*** Begin section ***
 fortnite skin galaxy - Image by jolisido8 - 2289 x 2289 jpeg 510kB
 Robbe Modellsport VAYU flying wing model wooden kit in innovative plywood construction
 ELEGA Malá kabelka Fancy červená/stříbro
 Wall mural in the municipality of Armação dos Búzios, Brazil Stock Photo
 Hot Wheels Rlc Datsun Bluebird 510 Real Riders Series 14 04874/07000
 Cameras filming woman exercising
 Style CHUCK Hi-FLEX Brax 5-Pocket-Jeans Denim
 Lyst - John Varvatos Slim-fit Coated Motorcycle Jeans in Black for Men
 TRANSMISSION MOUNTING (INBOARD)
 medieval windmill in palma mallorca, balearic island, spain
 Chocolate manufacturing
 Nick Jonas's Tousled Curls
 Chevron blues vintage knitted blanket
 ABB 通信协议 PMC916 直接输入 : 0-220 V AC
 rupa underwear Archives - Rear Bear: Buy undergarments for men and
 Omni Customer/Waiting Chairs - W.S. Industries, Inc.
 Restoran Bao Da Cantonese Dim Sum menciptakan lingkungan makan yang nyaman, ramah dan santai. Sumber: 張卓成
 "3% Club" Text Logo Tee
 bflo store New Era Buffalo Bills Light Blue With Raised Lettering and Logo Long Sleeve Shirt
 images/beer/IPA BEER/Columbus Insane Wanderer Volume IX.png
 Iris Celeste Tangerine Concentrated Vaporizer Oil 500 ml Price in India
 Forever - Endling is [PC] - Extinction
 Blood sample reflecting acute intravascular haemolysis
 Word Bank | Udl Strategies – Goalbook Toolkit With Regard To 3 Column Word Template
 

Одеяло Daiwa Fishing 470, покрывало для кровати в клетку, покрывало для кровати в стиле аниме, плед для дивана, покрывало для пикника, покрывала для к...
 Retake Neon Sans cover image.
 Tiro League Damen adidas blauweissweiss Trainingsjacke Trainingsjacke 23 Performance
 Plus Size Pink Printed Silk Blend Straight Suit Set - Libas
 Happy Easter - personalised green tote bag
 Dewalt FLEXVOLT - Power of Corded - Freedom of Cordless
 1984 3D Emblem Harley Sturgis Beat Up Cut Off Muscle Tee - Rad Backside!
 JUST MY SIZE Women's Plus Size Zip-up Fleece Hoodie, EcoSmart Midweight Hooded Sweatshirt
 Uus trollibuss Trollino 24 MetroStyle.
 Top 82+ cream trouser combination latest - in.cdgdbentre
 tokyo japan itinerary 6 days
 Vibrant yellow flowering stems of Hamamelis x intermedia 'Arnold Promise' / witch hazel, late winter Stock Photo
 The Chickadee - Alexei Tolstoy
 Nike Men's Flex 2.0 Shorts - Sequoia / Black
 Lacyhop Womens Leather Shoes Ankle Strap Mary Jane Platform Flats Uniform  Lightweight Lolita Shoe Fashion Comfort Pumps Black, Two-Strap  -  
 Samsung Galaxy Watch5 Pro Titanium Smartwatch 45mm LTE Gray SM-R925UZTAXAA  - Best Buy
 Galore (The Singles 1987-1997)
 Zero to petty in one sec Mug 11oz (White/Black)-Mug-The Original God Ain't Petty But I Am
*** End section ***
→ **What to work on**
Search the data above for the word "Size", then gather each line in which it appears.

→ **Task solution**
 Plus Size Pink Printed Silk Blend Straight Suit Set - Libas
 JUST MY SIZE Women's Plus Size Zip-up Fleece Hoodie, EcoSmart Midweight Hooded Sweatshirt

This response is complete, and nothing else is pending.